While the aforementioned examples pale in comparison to other financial bubbles which have adversely affected the global economy, the underlying story remains unremarkably familiar. The only vectors adjusted are an expanded dramatis personae and the heightened stakes of the game: corporations, countries, government agencies, unbridled loans, and impossible debts. In the latest financial crisis, the world saw mammoth financial institutions and other key businesses collapse, trillions of dollars in consumer wealth wiped out, countries pile on billions more in sovereign debt, job loss in the millions, and a substantial retardation of overall economic activity. Most commonly proposed as the runaway train was a liquidity shortfall caused by the reckless and myopic management of mortgage-related financial products in the U.S housing market – encouraged by the exponential demand for home ownership. Once the housing bubble went rogue in 2007, the global value of securities lost credibility and other existing economic bubbles flew into a bed of needles. It was essentially a foam party on the balcony of a house of cards, waiting for the market police to crash.
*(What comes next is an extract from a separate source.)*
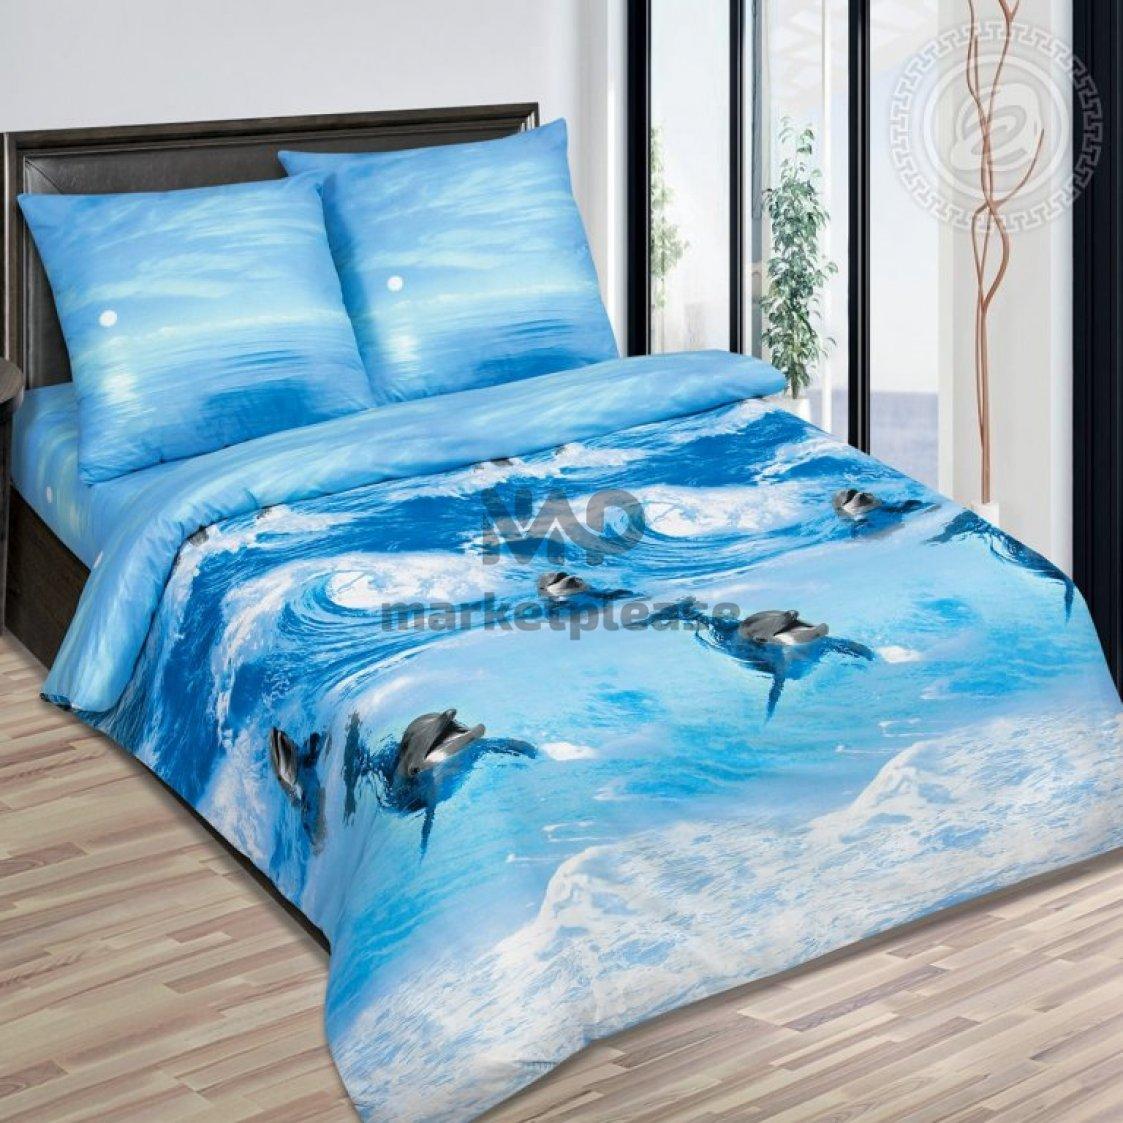 """Рулон ткани поплин """"Дельфины"""" 220 см."""

Yet, the alarms have been blaring for decades before the latest recession. Little caveat was given to the Japanese Lost Decade, 1997 Asian Financial Crisis, and the Dot-Com Bubble Bust, which have made many pithy statements about discretion in lending and borrowing, especially with investments in potentially short-term trends. Nevertheless, financial memory has always been relatively limited, usually 20 years as John Gabraith suggests. But with how rapidly information is exchanged and decisions made today, it seems that idiocy and obstinacy recur at a more shocking frequency just to fulfill brief bouts of investment happiness. It was certainly for good reason that a headline for The Onion read: “Recession-Plagued Nation Demands New Bubble To Invest In.”

The problem is not in our financial pied pipers and economic systems, it is the sheep in ourselves. Al Gore has spoken at lengths about making sensible decisions to take ownership of the ecology on our planet. In the same way that our financial threads are now strung globally in a zero-sum game, the situation has never been more dire for a new conception of an ecology of economics where common sense and better risk management are at the helm.